:: Requirement ::
Take the line that contains "Runder Designer-Schrank mit" and all lines after it, up to and including the last line of the data, and write them out exactly; nothing else belongs in the answer.

:: Dataset excerpts ::

----

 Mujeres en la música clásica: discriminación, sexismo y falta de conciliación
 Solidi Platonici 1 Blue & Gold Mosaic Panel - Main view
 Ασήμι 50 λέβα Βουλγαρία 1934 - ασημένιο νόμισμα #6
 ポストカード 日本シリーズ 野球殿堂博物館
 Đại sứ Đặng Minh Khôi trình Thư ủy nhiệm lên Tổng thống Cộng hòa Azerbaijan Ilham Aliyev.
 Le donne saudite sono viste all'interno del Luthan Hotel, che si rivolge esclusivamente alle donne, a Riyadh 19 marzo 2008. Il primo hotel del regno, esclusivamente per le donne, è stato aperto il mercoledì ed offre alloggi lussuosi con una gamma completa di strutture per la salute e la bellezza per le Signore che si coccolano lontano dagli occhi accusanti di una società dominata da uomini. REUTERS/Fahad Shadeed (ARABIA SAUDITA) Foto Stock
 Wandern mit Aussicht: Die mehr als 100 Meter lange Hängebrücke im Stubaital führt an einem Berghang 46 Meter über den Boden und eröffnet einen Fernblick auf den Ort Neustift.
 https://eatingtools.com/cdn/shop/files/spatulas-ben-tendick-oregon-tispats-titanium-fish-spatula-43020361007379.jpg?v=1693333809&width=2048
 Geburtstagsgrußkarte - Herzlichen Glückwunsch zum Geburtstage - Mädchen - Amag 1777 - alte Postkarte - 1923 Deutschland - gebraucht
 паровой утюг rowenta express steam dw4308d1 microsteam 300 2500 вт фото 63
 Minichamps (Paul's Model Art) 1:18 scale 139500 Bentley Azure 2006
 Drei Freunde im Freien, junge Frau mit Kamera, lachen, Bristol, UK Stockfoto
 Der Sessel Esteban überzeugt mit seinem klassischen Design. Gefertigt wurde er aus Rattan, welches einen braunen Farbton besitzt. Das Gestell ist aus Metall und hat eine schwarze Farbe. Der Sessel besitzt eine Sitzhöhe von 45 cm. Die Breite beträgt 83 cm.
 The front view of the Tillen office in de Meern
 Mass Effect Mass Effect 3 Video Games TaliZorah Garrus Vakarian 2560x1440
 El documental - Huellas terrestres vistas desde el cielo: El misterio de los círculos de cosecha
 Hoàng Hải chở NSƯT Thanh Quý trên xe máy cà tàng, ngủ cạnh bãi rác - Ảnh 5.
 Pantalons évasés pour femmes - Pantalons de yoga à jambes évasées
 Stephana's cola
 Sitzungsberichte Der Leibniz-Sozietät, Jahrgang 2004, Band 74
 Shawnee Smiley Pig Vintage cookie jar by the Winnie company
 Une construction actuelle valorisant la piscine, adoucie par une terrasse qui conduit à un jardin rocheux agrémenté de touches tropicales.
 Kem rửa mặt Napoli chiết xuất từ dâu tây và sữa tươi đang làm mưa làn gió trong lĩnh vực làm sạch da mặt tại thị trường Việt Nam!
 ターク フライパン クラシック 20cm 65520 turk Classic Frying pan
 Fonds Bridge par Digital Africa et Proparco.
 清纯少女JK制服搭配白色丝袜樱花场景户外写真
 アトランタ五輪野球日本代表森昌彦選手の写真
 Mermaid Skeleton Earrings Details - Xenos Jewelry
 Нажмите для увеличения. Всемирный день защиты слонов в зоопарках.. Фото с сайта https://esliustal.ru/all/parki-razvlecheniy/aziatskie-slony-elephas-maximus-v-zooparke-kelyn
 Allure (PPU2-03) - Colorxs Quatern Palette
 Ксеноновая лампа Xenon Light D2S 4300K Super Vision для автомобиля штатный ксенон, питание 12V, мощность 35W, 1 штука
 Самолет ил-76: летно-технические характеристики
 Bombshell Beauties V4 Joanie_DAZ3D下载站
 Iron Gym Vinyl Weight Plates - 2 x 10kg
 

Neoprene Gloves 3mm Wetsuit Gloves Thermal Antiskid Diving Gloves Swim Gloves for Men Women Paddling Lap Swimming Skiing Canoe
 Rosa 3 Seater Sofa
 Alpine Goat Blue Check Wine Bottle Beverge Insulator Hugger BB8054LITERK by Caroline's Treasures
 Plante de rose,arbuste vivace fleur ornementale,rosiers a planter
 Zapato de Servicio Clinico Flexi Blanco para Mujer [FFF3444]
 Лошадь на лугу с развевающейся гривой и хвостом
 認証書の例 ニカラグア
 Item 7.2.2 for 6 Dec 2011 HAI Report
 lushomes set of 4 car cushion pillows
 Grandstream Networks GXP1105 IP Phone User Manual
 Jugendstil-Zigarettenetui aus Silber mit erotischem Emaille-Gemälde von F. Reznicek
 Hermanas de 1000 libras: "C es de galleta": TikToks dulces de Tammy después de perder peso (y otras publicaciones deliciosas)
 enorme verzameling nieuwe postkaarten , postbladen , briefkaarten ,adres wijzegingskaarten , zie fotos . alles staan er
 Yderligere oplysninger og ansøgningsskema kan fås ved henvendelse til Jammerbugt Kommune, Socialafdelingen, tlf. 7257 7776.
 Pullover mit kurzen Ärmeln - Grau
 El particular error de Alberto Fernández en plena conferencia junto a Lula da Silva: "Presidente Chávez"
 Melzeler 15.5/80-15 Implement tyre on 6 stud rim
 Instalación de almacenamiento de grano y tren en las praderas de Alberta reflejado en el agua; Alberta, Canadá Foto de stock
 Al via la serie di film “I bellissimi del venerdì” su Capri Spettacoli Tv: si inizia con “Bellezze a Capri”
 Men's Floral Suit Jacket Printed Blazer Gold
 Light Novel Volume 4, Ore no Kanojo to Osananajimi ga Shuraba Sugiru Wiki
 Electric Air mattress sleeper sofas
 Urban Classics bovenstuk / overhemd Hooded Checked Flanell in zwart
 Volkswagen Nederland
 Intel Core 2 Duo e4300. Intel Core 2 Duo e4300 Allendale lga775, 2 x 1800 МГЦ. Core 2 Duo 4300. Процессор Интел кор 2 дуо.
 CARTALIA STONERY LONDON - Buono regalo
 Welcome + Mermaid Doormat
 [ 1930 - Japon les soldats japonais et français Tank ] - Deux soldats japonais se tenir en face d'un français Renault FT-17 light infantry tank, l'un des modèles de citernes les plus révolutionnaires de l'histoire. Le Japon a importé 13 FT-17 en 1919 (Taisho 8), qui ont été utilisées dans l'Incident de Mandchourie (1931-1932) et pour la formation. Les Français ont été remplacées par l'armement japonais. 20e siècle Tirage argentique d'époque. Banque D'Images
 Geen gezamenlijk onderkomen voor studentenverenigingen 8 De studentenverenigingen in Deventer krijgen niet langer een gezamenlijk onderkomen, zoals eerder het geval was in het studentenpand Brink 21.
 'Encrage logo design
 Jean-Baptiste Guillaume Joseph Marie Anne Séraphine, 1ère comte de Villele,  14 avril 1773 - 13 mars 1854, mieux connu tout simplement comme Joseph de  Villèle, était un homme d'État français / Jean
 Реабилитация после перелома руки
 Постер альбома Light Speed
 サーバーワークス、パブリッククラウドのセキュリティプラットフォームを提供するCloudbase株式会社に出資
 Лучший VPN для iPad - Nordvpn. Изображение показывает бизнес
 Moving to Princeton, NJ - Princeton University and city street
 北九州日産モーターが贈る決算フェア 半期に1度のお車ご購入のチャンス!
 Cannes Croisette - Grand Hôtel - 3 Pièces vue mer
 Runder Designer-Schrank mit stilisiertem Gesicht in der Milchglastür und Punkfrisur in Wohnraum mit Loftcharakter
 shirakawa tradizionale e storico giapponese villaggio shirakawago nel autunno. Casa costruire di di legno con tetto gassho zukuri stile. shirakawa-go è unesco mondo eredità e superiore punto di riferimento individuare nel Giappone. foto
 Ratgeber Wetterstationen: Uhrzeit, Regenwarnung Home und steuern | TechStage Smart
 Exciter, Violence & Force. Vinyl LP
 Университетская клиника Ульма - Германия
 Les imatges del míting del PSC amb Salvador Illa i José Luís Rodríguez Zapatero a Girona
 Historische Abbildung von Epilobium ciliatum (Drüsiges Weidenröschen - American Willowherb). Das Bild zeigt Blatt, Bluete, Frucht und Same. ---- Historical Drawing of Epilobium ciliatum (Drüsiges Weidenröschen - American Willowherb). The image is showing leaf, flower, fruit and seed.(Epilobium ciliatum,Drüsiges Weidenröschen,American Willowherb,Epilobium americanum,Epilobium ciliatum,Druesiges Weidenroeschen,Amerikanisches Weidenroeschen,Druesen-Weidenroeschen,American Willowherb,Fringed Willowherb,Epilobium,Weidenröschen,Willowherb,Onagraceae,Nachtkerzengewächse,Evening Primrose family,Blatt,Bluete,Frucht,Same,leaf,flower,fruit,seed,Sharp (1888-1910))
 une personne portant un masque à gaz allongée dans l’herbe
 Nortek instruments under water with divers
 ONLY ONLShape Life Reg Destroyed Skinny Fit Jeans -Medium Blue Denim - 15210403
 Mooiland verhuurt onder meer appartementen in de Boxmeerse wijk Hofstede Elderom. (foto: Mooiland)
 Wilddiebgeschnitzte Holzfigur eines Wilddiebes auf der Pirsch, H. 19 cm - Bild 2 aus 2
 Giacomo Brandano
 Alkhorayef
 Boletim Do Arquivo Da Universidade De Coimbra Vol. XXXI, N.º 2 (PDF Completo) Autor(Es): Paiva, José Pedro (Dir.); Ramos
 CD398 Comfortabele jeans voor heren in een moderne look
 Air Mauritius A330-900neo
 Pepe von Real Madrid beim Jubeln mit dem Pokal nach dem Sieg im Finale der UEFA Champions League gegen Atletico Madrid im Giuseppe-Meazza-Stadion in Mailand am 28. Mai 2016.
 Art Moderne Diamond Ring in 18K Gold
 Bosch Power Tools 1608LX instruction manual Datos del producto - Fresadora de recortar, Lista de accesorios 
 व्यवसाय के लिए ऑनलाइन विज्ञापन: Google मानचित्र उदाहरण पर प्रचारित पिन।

----

:: Solution for this problem ::
 Runder Designer-Schrank mit stilisiertem Gesicht in der Milchglastür und Punkfrisur in Wohnraum mit Loftcharakter
 shirakawa tradizionale e storico giapponese villaggio shirakawago nel autunno. Casa costruire di di legno con tetto gassho zukuri stile. shirakawa-go è unesco mondo eredità e superiore punto di riferimento individuare nel Giappone. foto
 Ratgeber Wetterstationen: Uhrzeit, Regenwarnung Home und steuern | TechStage Smart
 Exciter, Violence & Force. Vinyl LP
 Университетская клиника Ульма - Германия
 Les imatges del míting del PSC amb Salvador Illa i José Luís Rodríguez Zapatero a Girona
 Historische Abbildung von Epilobium ciliatum (Drüsiges Weidenröschen - American Willowherb). Das Bild zeigt Blatt, Bluete, Frucht und Same. ---- Historical Drawing of Epilobium ciliatum (Drüsiges Weidenröschen - American Willowherb). The image is showing leaf, flower, fruit and seed.(Epilobium ciliatum,Drüsiges Weidenröschen,American Willowherb,Epilobium americanum,Epilobium ciliatum,Druesiges Weidenroeschen,Amerikanisches Weidenroeschen,Druesen-Weidenroeschen,American Willowherb,Fringed Willowherb,Epilobium,Weidenröschen,Willowherb,Onagraceae,Nachtkerzengewächse,Evening Primrose family,Blatt,Bluete,Frucht,Same,leaf,flower,fruit,seed,Sharp (1888-1910))
 une personne portant un masque à gaz allongée dans l’herbe
 Nortek instruments under water with divers
 ONLY ONLShape Life Reg Destroyed Skinny Fit Jeans -Medium Blue Denim - 15210403
 Mooiland verhuurt onder meer appartementen in de Boxmeerse wijk Hofstede Elderom. (foto: Mooiland)
 Wilddiebgeschnitzte Holzfigur eines Wilddiebes auf der Pirsch, H. 19 cm - Bild 2 aus 2
 Giacomo Brandano
 Alkhorayef
 Boletim Do Arquivo Da Universidade De Coimbra Vol. XXXI, N.º 2 (PDF Completo) Autor(Es): Paiva, José Pedro (Dir.); Ramos
 CD398 Comfortabele jeans voor heren in een moderne look
 Air Mauritius A330-900neo
 Pepe von Real Madrid beim Jubeln mit dem Pokal nach dem Sieg im Finale der UEFA Champions League gegen Atletico Madrid im Giuseppe-Meazza-Stadion in Mailand am 28. Mai 2016.
 Art Moderne Diamond Ring in 18K Gold
 Bosch Power Tools 1608LX instruction manual Datos del producto - Fresadora de recortar, Lista de accesorios 
 व्यवसाय के लिए ऑनलाइन विज्ञापन: Google मानचित्र उदाहरण पर प्रचारित पिन।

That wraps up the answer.